Supplied information
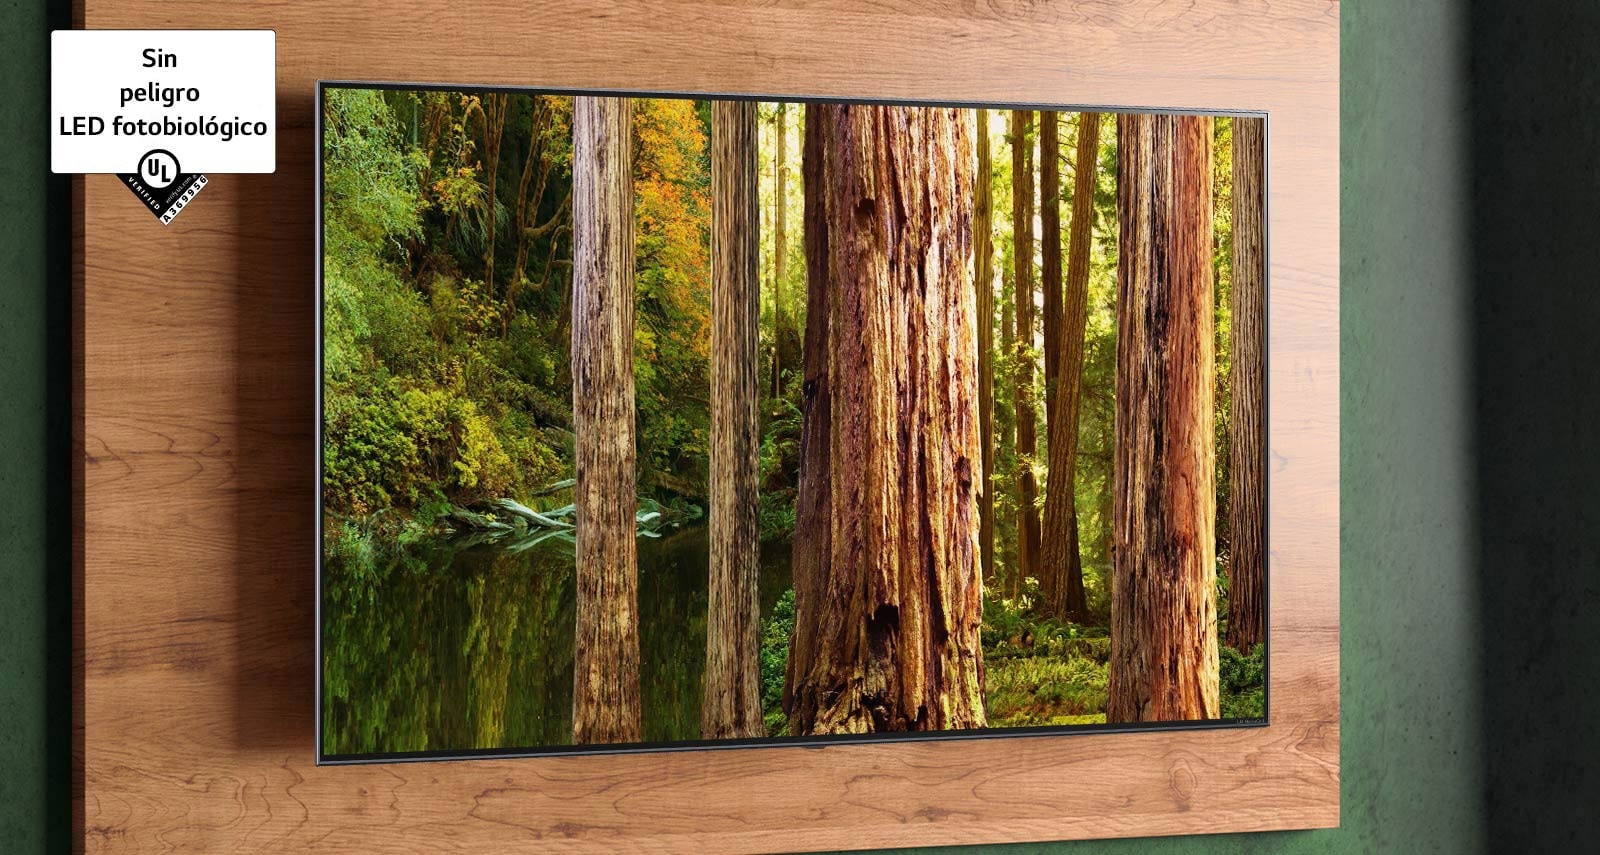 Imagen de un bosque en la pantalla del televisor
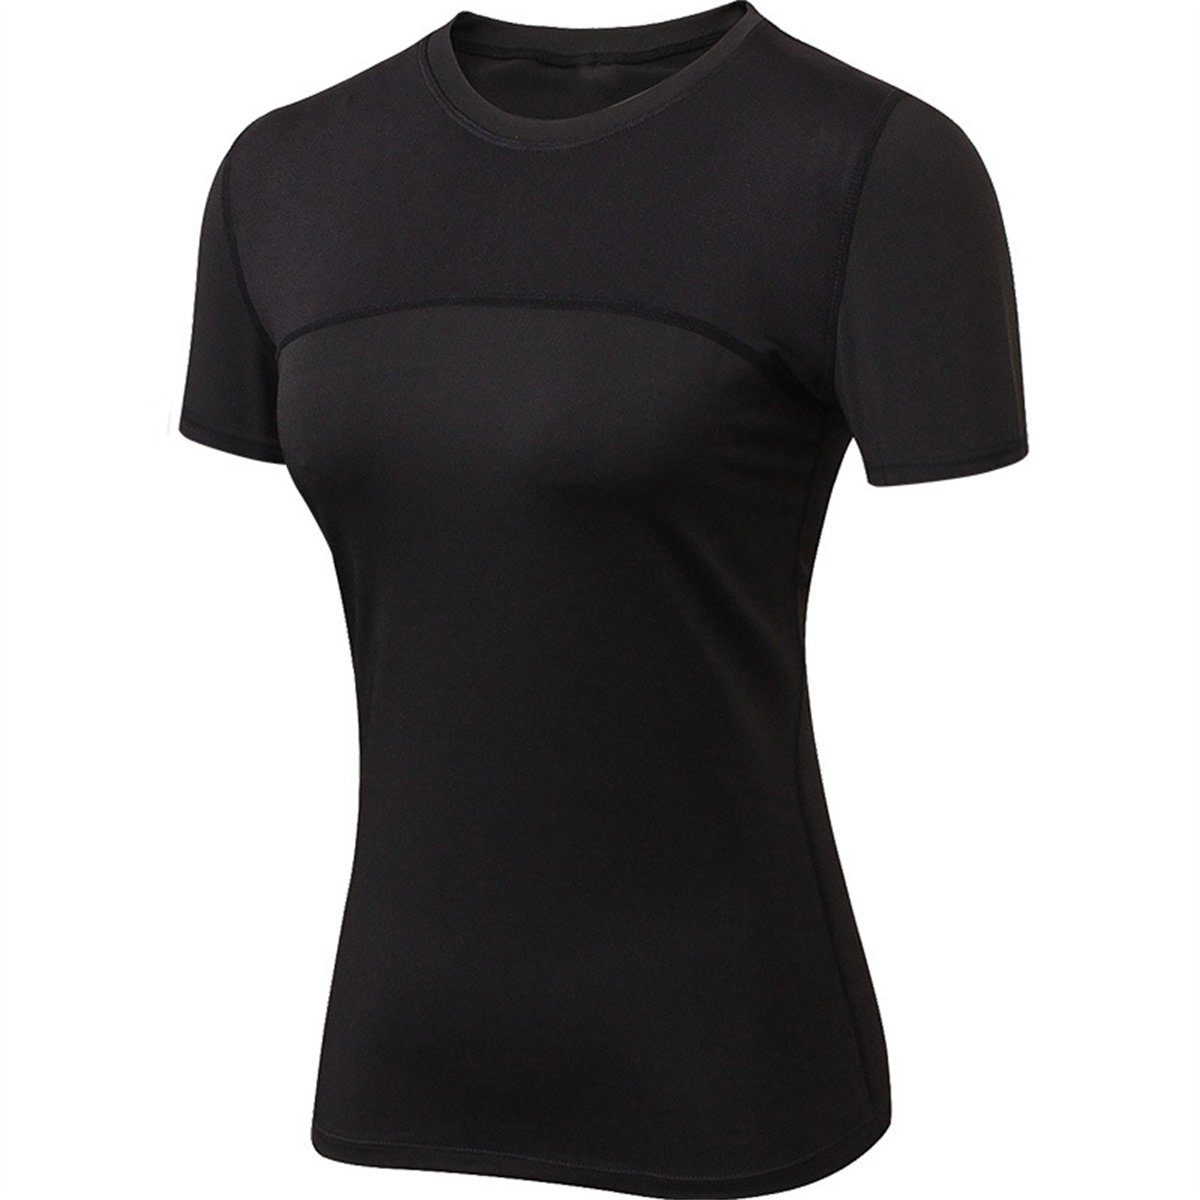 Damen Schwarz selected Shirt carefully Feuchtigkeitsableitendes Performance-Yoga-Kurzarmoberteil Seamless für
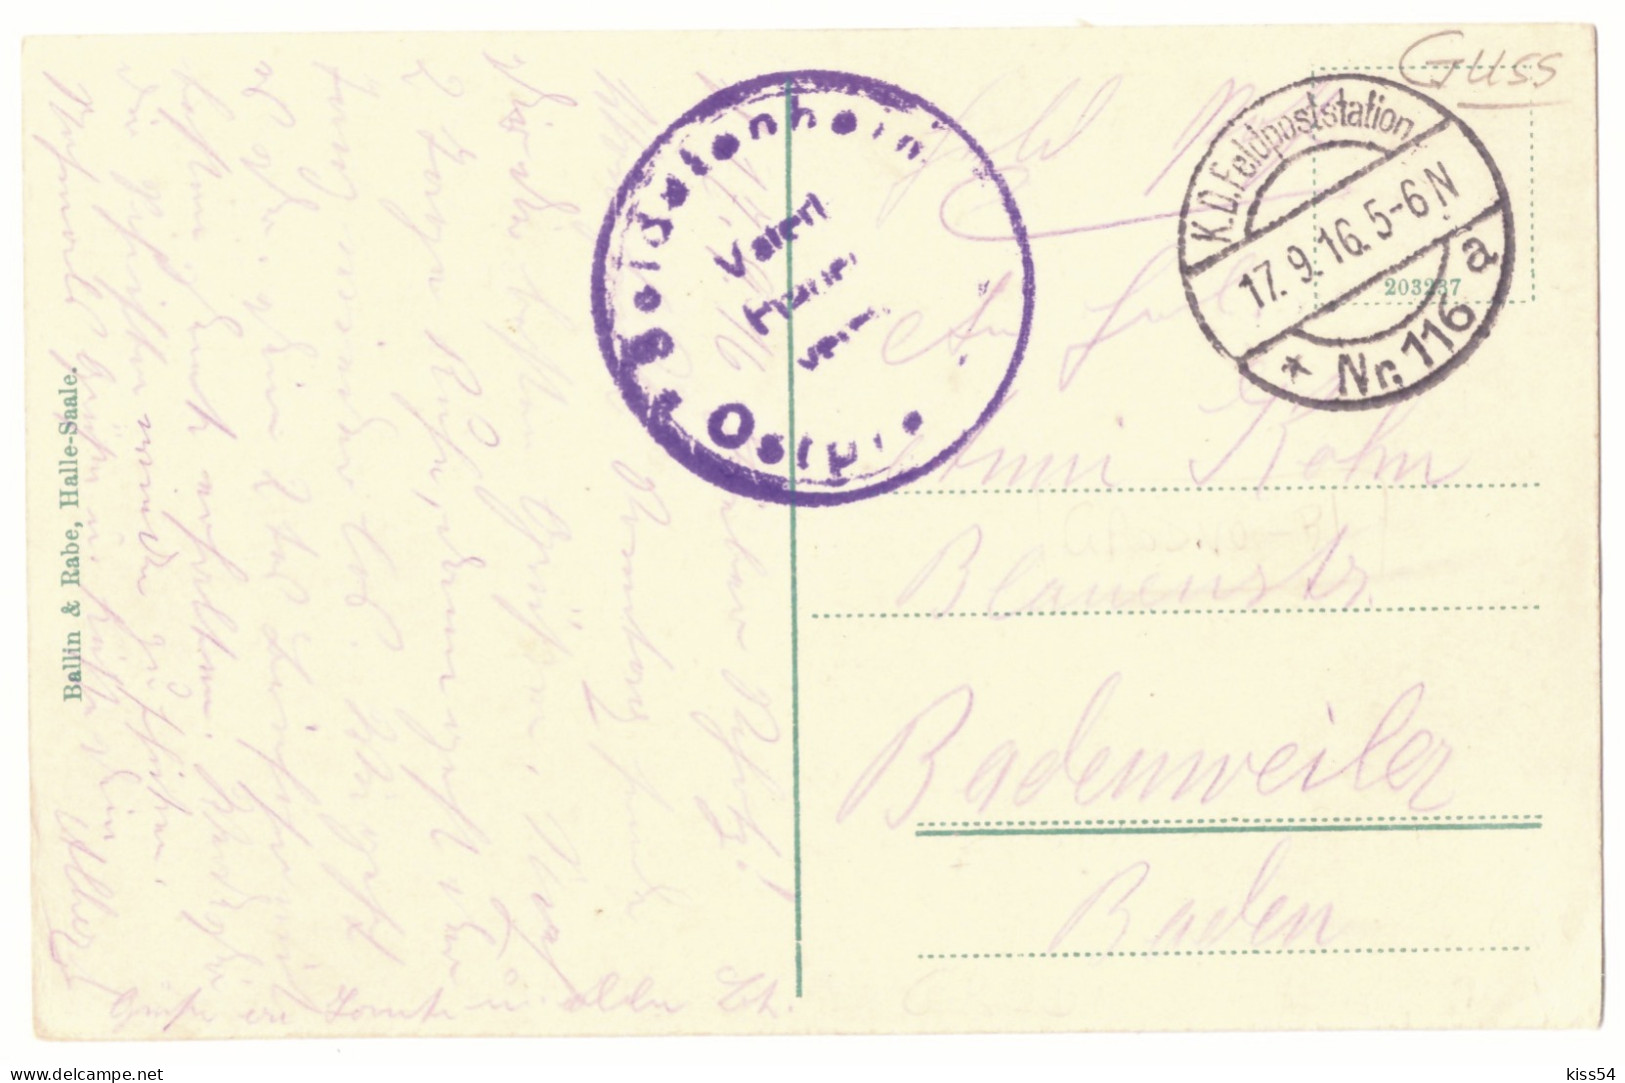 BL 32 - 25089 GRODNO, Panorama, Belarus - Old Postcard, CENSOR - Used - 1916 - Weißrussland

About this exercise
Please write out all of the data verbatim, with no pictures in the copy.

Output below
 Imagen de un bosque en la pantalla del televisor
 Damen Schwarz selected Shirt carefully Feuchtigkeitsableitendes Performance-Yoga-Kurzarmoberteil Seamless für
 BL 32 - 25089 GRODNO, Panorama, Belarus - Old Postcard, CENSOR - Used - 1916 - Weißrussland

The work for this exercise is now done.